Indian mathematician (1913–1968)

Subbaramiah Minakshisundaram (12 October 1913 - 13 August 1968), also known as Minakshi or SMS, was an Indian mathematician who worked on partial differential equations and heat kernels. In 1946, he worked at the Institute for Advanced Study in Princeton, America, where he met Åke Pleijel. In 1949, the two wrote a paper together called, Some properties of the eigenfunctions of the Laplace-operator on Riemannian manifolds, in which they introduced the Minakshisundaram-Pleijel zeta function.

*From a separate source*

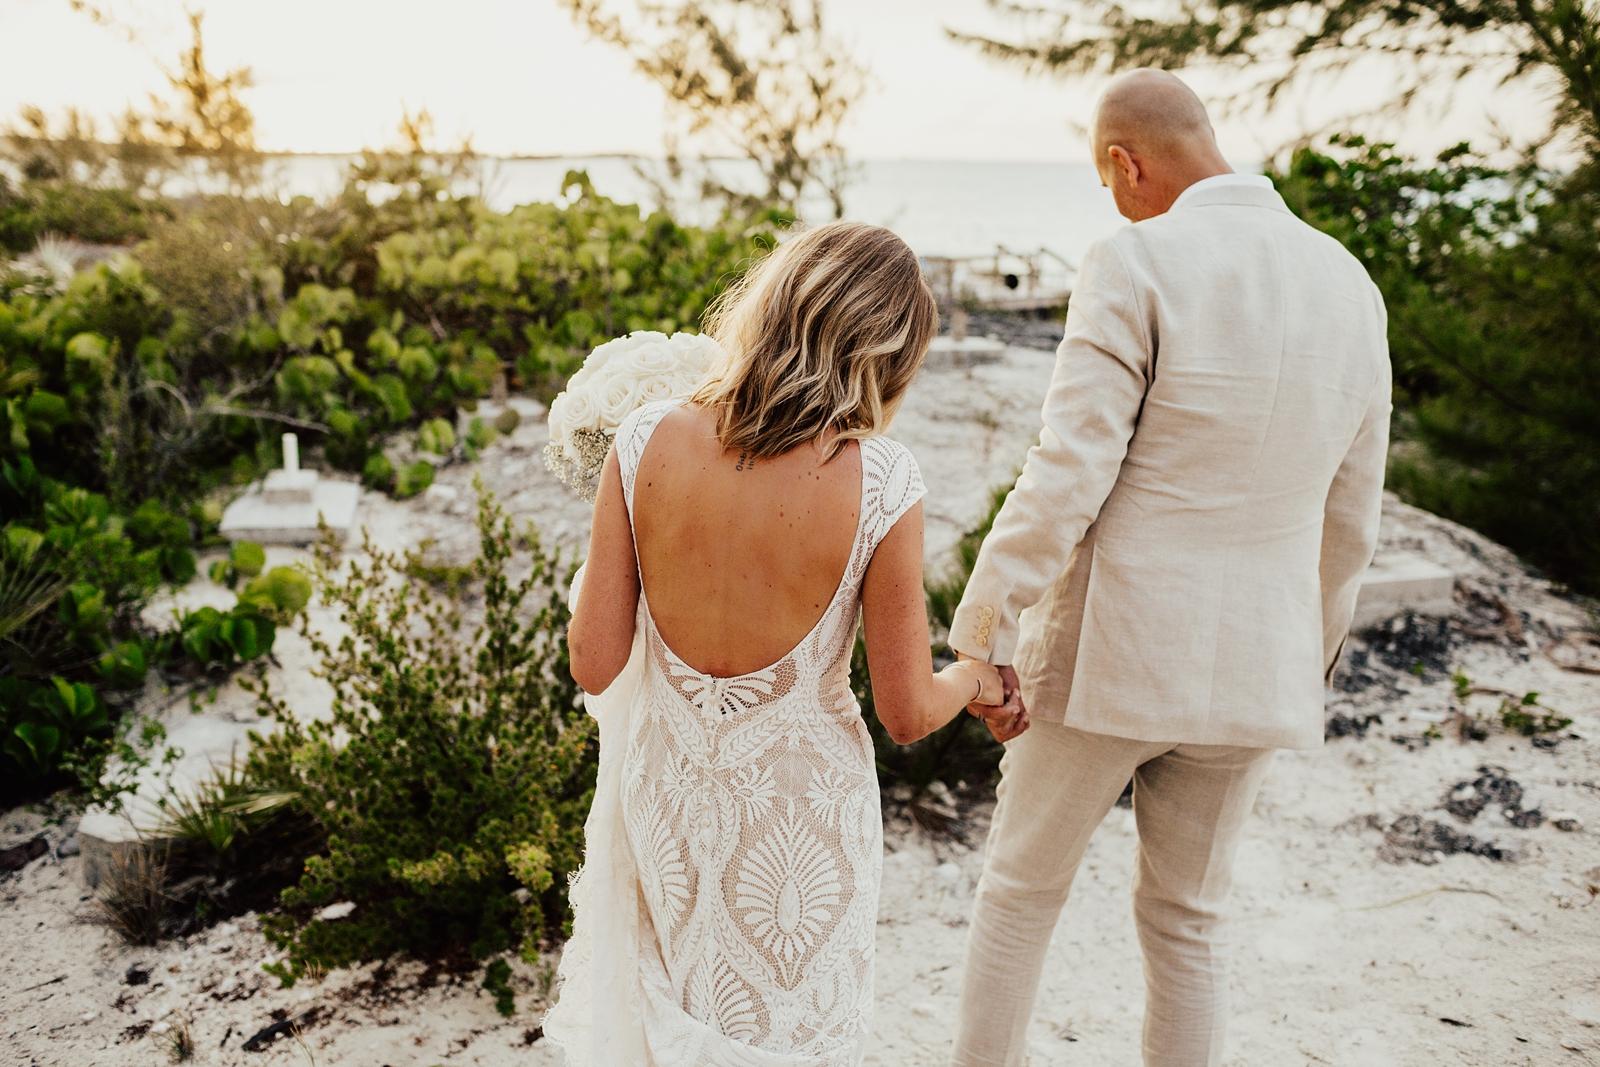 Jenni & Andrew Intimate Beach Destination Wedding in Little Exuma, Bahamas_0522.jpg

On the 13th of August 1968, Subbaramiah suffered a heart attack and died at the age of 55.

== Biography ==

=== Early life ===
Subbaramiah Minakshisundaram was the first of three children, born in 1913 and called "Jeja" by his parents, meaning God. In his early years he learned Malayalam, but when his family moved to Chennai because of his father's job as a sanitary engineer they spoke Tamil.

His family were Hindus, and as a boy Minakshisundaram would chant the Gayatri Japa and perform the Sandhyavandanam with his grandfather every morning and night.

In 1919, Minakshi attended the Calavala Ramanujam Chetty High School, where he displayed a "marked aptitude" for mathematics, and graduated in 1929 with a Secondary School Leaving Certificate. After graduating, he studied at Pachaiyappa's College and went to Loyola College in 1931 to pursue a B.A. in mathematics, which he attained in 1934.

=== Career ===
After graduating from Loyola College, Subbaramiah joined the University of Madras as a research scholar and worked in the library.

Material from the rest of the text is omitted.